Oireachtas Joint and Select Committees

Tuesday, 10 May 2022

Joint Oireachtas Committee on Housing, Planning and Local Government

Housing Provision for Older People: Discussion

Photo of Eoin Ó BroinEoin Ó Broin (Dublin Mid West, Sinn Fein) | Oireachtas source

I thank the witnesses for their presentations. We have some wonderful housing for older people, especially in the public sector, right across the State. In deference to Senator Cummins, I was in St. John's College in Waterford, which is a wonderful Respond development recently funded by the Department. I refer as well to McAuley Place in Naas, which is also such a wonderful facility, and even to some of the slightly older schemes, such a Verschoyle Court, just off Mount Street not far from here. Deputy McAuley will be aware of it. What is wonderful about all three of these examples is that they do not consist only of housing. They also have a variety of other facilities. The public garden in Verschoyle Court is incredible, while McAuley Place is an entire community. If the Chair has not been there, he really should visit. Not unlike the Respond facility, it has a community hall and a public café and provides a host of activities in which the residents are involved. Several new apartments have been built at the back of the complex.

We know what works in this regard, certainly in the public sector. It is important when we have these conversations to emphasise this is about choice and not about putting any pressure on older people living in larger homes to move out of them. They are not the cause of, nor contributors to, our housing crisis. This is about giving older people who may wish to rightsize as many options as possible to enable them to do the right thing for themselves. The reason I say that is that sometimes when these matters are debated by other people on the radio, many politicians get calls from nervous pensioners who feel like they are being blamed because they have an emotional attachment to the homes they are living in. They might be the only people living in them, but these are their homes and they have a right to live in them. I do not think anyone at this committee would say otherwise.

My one concern, however, is that while some funding is available, it is not anywhere near enough. More important, I am not so sure if we are setting the right kinds of targets. A good local authority will take all the good policy instruments Ms Timmons has outlined and access them through the capital assistance scheme, CAS, the capital advance leasing facility, CALF, the AHBs or the strategic housing investment programme, SHIP, to deliver good quality rightsizing. The great value of doing that is that a rightsizing social housing development built in an existing local authority estate will make it possible to get more dormer bungalows on that piece of land, which in turn will free up more two-, three- and four-bedroom homes in that existing estate. That is a good model of practice.
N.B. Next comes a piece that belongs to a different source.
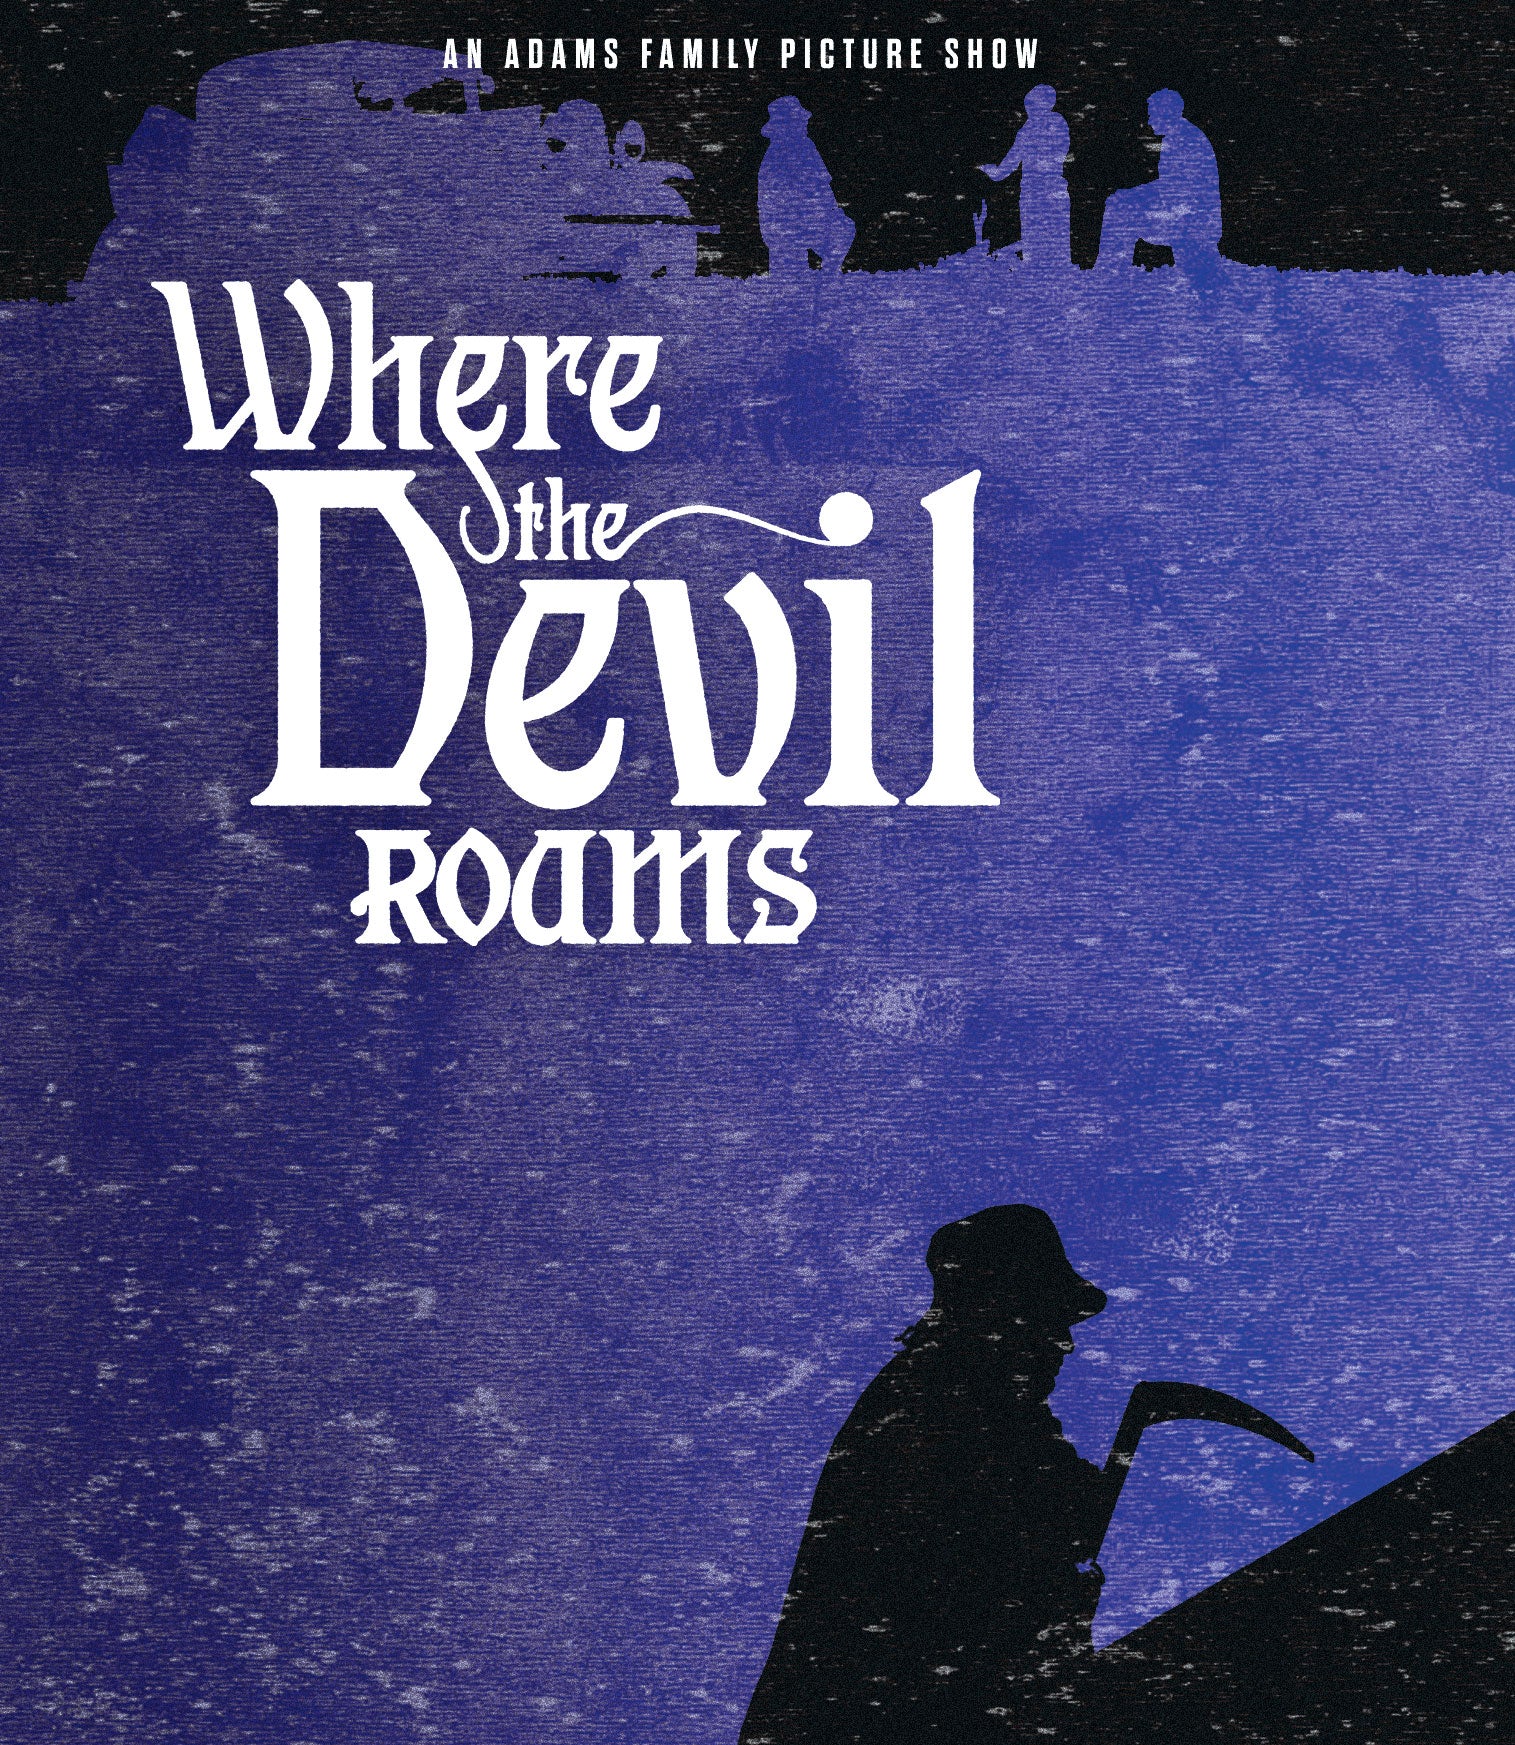 WHERE THE DEVIL ROAMS (LIMITED EDITION) BLU-RAY
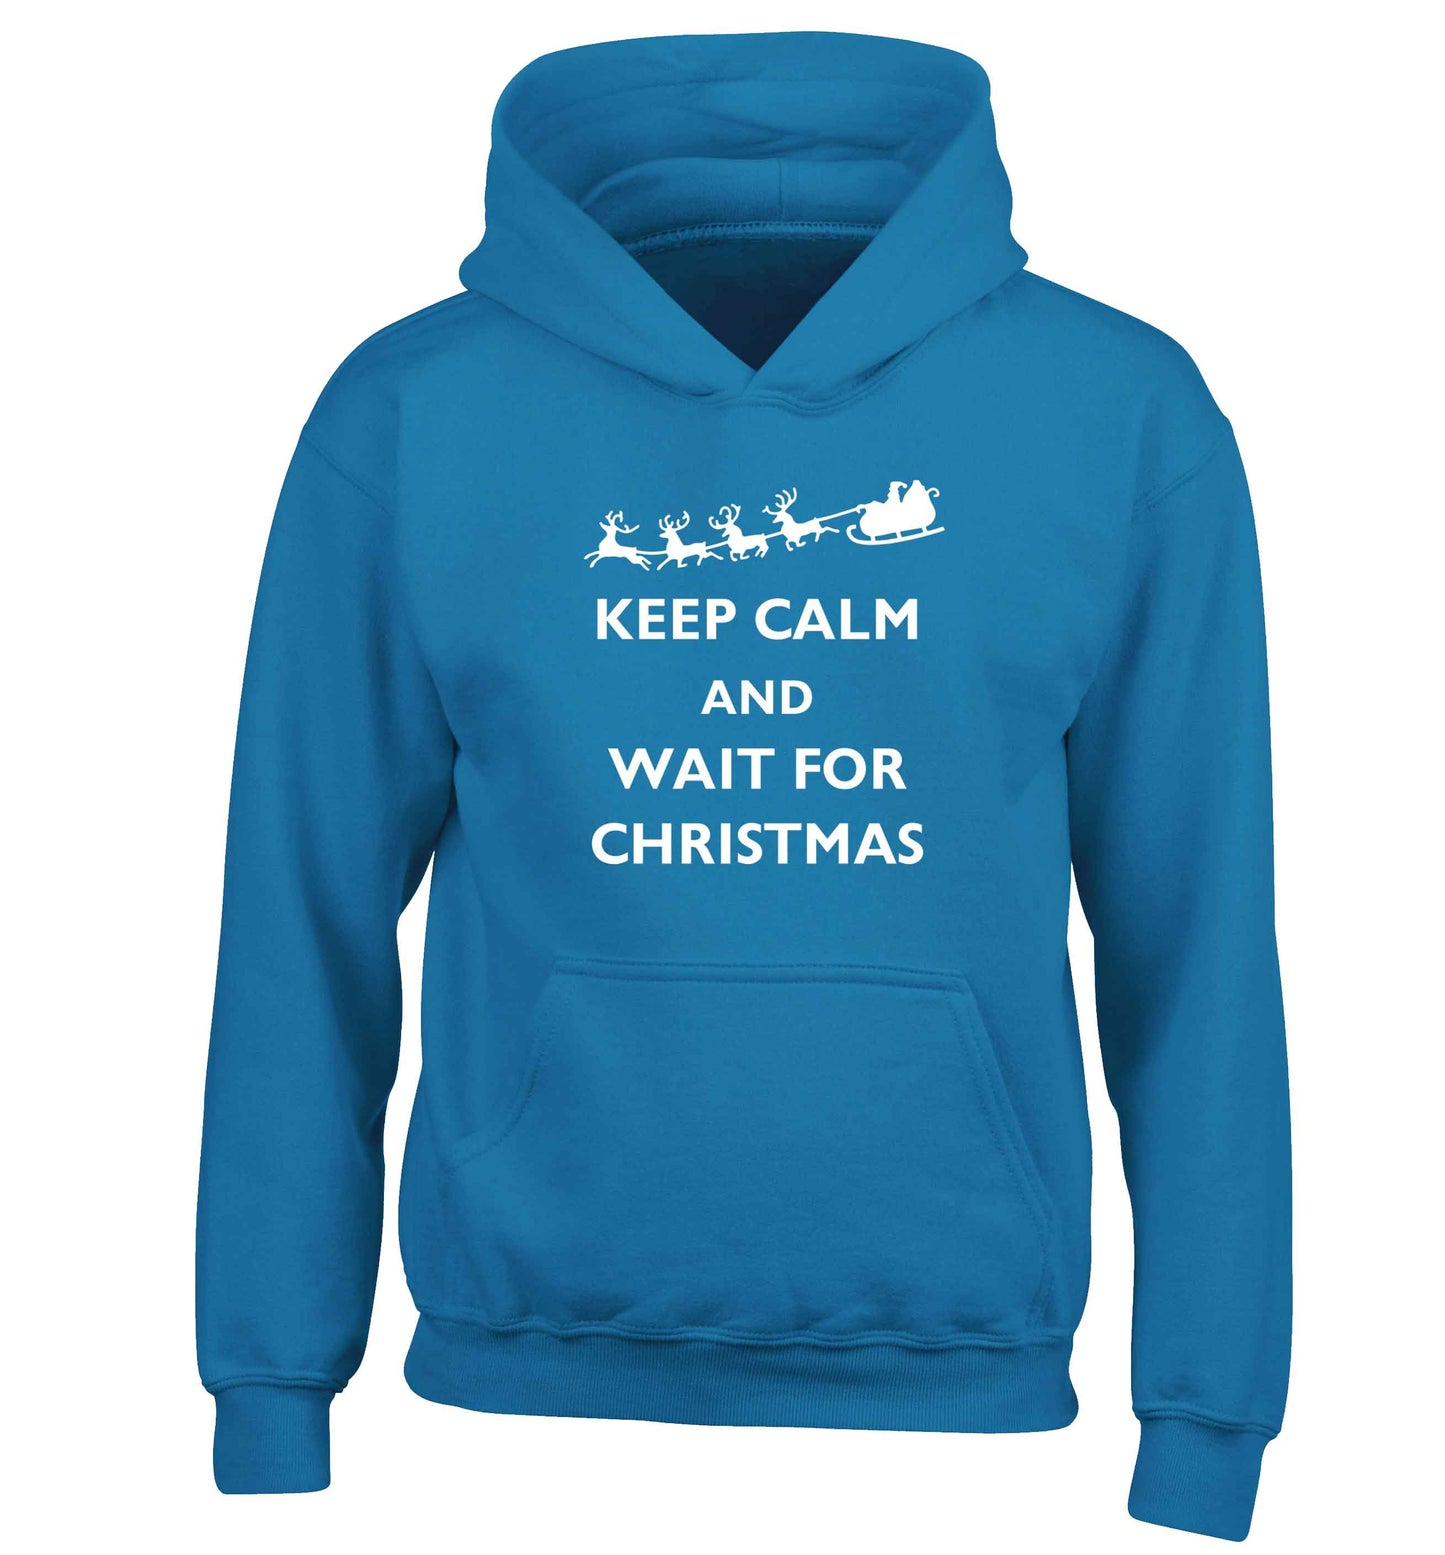 Keep calm and wait for Christmas children's blue hoodie 12-13 Years

My first question for Ms Timmons then concerns whether we are moving towards starting to set targets in local authorities whereby a certain percentage of their social housing output, based on an evidence-based need for rightsizing in existing estates, would be incorporated into their housing plans. There is also a need to go a step further because we will also need rightsizing options in the private sector. Do we need to start considering amendments to planning legislation? As part of the housing need and demand assessment, HNDA, of planning applications, should consideration be given to ensuring an appropriate proportion of rightsized properties, especially dormer bungalows and ground-floor apartments, can be delivered?

I will raise a major concern about the fair deal scheme. The age organisations, representatives of which will be before the committee later, have been particularly concerned about issues of potential elder abuse and extended family members applying pressure to family members, some of whom are vulnerable, to access the fair deal scheme to enable a property to be let out. I am not opposed to trying to incentivise getting some of these properties into the private rental sector. I think it will be a small number and not anywhere close to 8,000 properties, or even a half or a quarter of that figure. Any properties we can get into the rental sector will be a good development. How do we fully protect the owners of these properties from the kinds of concerns we have heard the Minister of State in the Department of Health, and others, express? How can we ensure that while we get the properties into the rental market, we do so in a way that fully protects the interests of the older owners of these homes?